This is the structure of a xml-file (odt-file), which I try to parse:
<office:body>
<office:text>
<text:h text:style-name="P1" text:outline-level="2">Chapter 1</text:h>
<text:p text:style-name="Standard">Lorem ipsum. </text:p>
<text:h text:style-name="Heading3" text:outline-level="3">Subtitle 2</text:h>
<text:p text:style-name="Standard"><text:span text:style-name="T5">10</text:span><text:span text:style-name="T6">:</text:span><text:s/>Text (100%)</text:p>
<text:p text:style-name="Explanation">Further informations.</text:p>
<text:p text:style-name="Standard">9.7:<text:s/>Text (97%)</text:p>
<text:p text:style-name="Explanation">Further informations.</text:p>
<text:p text:style-name="Standard"><text:span text:style-name="T9">9.1:</text:span><text:s/>Text (91%)</text:p>
<text:p text:style-name="Explanation">Further informations.</text:p>
<text:p text:style-name="Explanation">More furter informations.</text:p>
</office:text>
</office:body>
With XML-Reader I did that this way:
while ($reader->read()){
if ($reader->nodeType == XMLREADER::ELEMENT && $reader->name === 'text:h') {
if ($reader->getAttribute('text:outline-level')=="2") $html .= '<h2>'.$reader->expand()->textContent.'</h2>';
}
elseif ($reader->nodeType == XMLREADER::ELEMENT && $reader->name === 'text:p') {
if ($reader->getAttribute('text:style-name')=="Standard") {
$html .= '<p>'.$reader->readInnerXML().'<p>';
}
else if {
// Doing something different
}
}
}
echo $html;
Now I would like to do the same thing with DOMDocument, but I need some help with the syntax. How can I loop through all children of office:text? While looping through all nodes, I would check via if/else what to do (text:h vs. text:p).

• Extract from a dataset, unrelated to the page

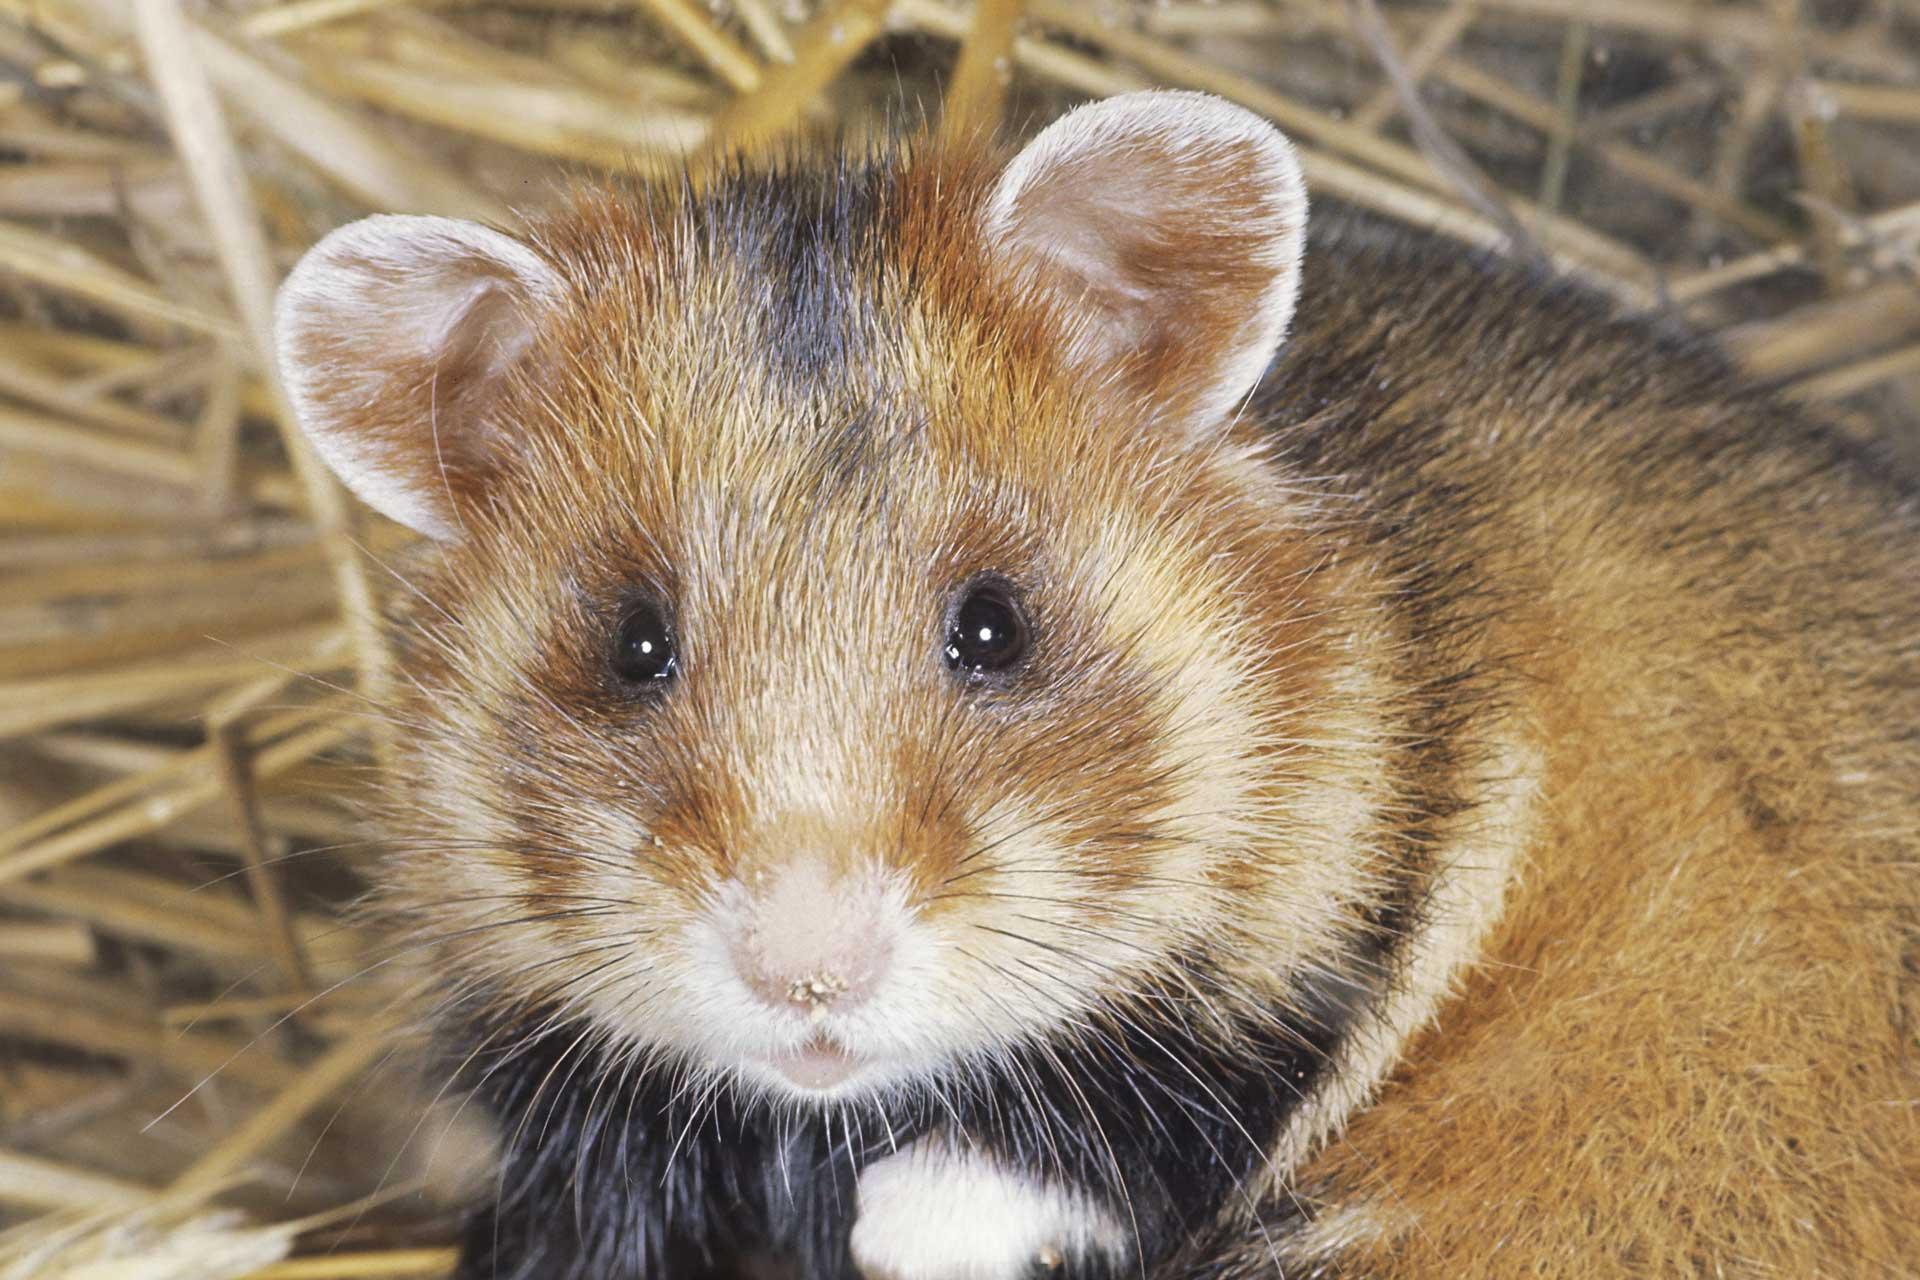 European hamster Cricetus cricetus in its nest.

I also need to replace every text:s (if there are such elements in text:p) with a whitespace...
$reader = new DOMDocument();
$reader->preserveWhiteSpace = false;
$reader->load('zip://content.odt#content.xml');
$body = $reader->getElementsByTagName( 'office:text' )->item( 0 );
foreach( $body->childNodes as $node ) echo $node->nodeName . PHP_EOL;
Or would it be smarter to loop through all text elements? If this is the case, still the question, how to do that.
$elements = $reader->getElementsByTagName('text');
foreach($elements as $node){
foreach($node->childNodes as $child) {
echo $child->nodeName.': ';
echo $child->nodeValue.'<br>';
// check for type...
}
}